A distinct difference I’m noticing is that there seems to be a greater depth perception and detailing on this lovely LP version. 

For example I’m more clearly hearing different details I’d never really noticed before such as the teensy little birdy tweets on “My Bird Performs.” The trumpet playing in the background through much of that song sounds positioned quite distinctly in the right corner of an imagined stage I say “imagined” as this is a studio recording, so it was probably an overdub, not made with the band at the same time as the basic tracks on an actual performance stage. Curiously, the producer pans the trumpet more toward the left-centre for its solo, reminding the listener that this is a studio creation and not necessarily representative of an actual live performance (which I’m perfectly fine with, mind you, but I know its an issue for some audiophiles). 

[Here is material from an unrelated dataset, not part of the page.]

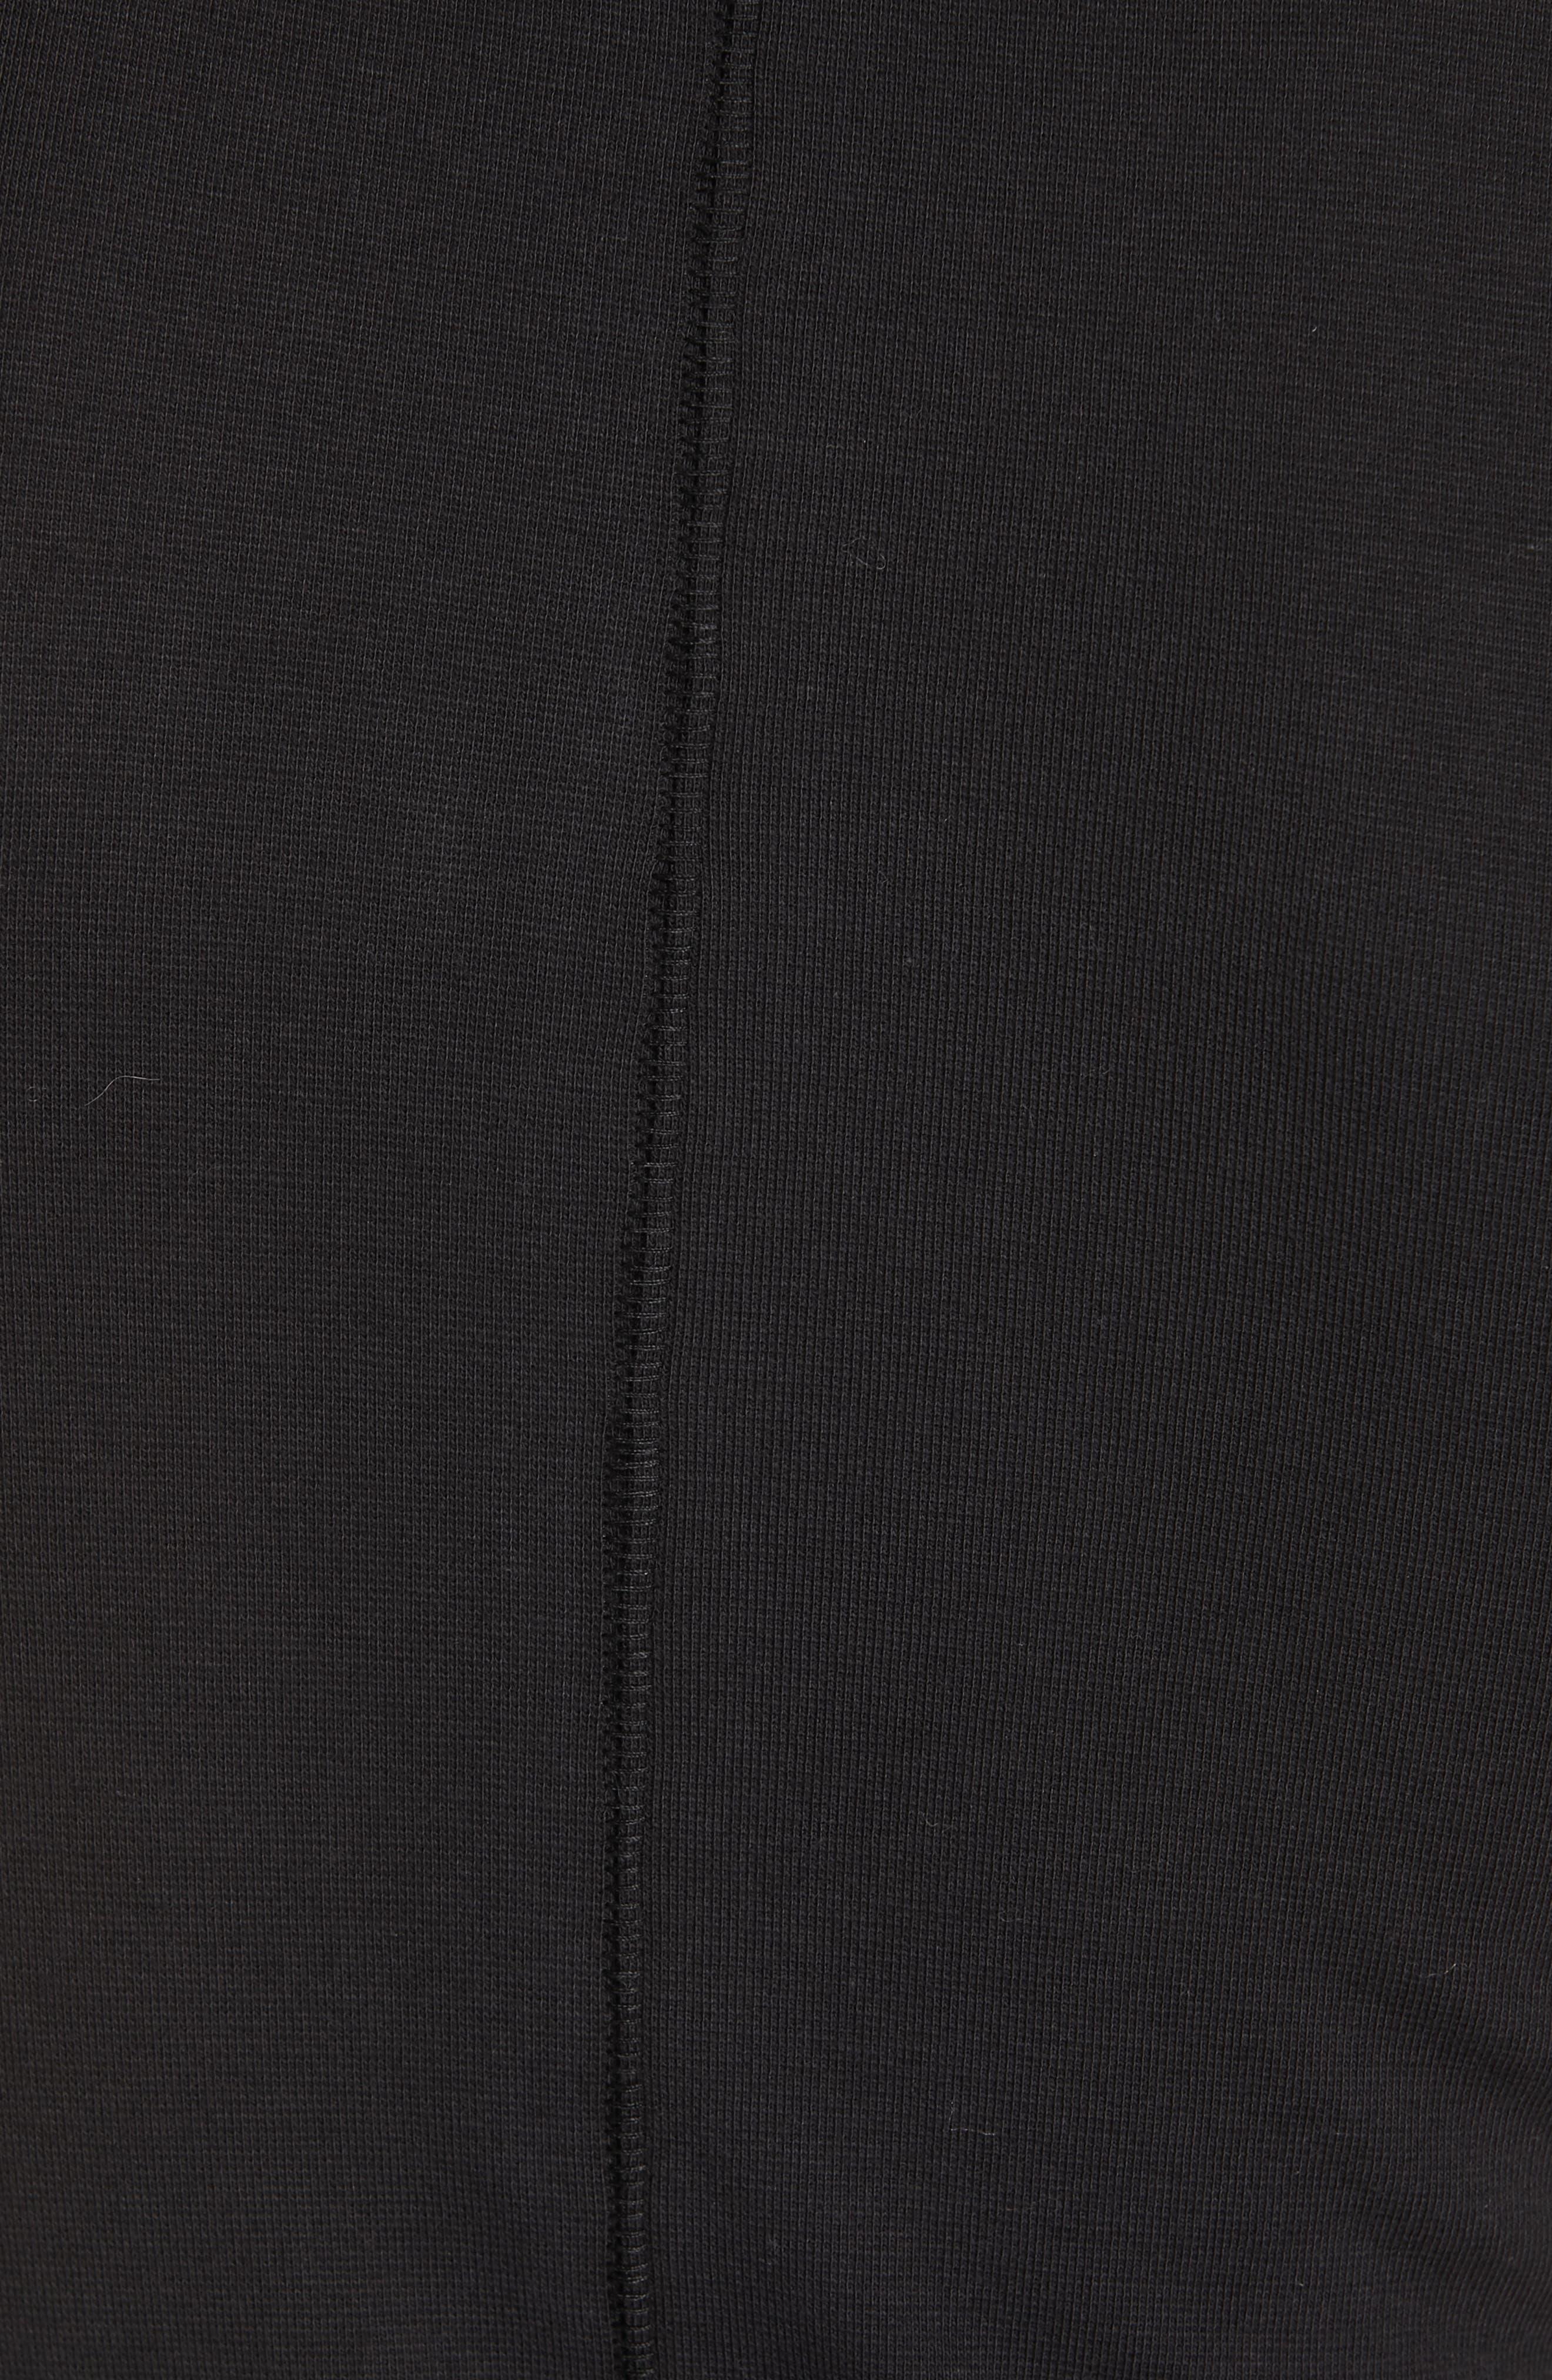 Sunshine Cowl Neck Stretch Cotton Tee,                             Alternate thumbnail 5, color,                             BLACK

The decay on the shimmering splash cymbal in the initial measures of “Peter Pumpkinhead” is much larger and distinct than on the Blu-ray. Whatever is delivering this imaging, it’s impressive….

Of course some of you will ask if this release is “better” than the Blu-ray Disc version?  I can’t say that because of the aforementioned variables. They are “Oranges and Lemons”, if you will. 

In this instance, I’m noticing these differences comparing my vinyl.

My primary reason for owning the Blu-ray Disc is the wonderful 5.1 surround sound mix (which I listen to in my living room “home theater” area, on a separate playback system) and all the bonus goodies (and there are many there!).  My primary reason for wanting the vinyl is to be able to enjoy exactly that special inexplicable something extra which comes from that playback medium’s experience.  

Scientists and fans of “hard data” might look at it on paper and dismiss the vinyl format as inferior. But in this case I will side with the wizards of sonic alchemy, the mixdown and disc mastering engineers who possess seemingly secret magical powers most of us can’t comprehend to make the music contained on these flat black discs magically soar into the sonic cosmos.

Whatever it is, it works and even with its all-digital ’90s sheen, “Nonsuch” is ultimately a grand listening experience on the new vinyl reissue.  And isn’t that all that matters?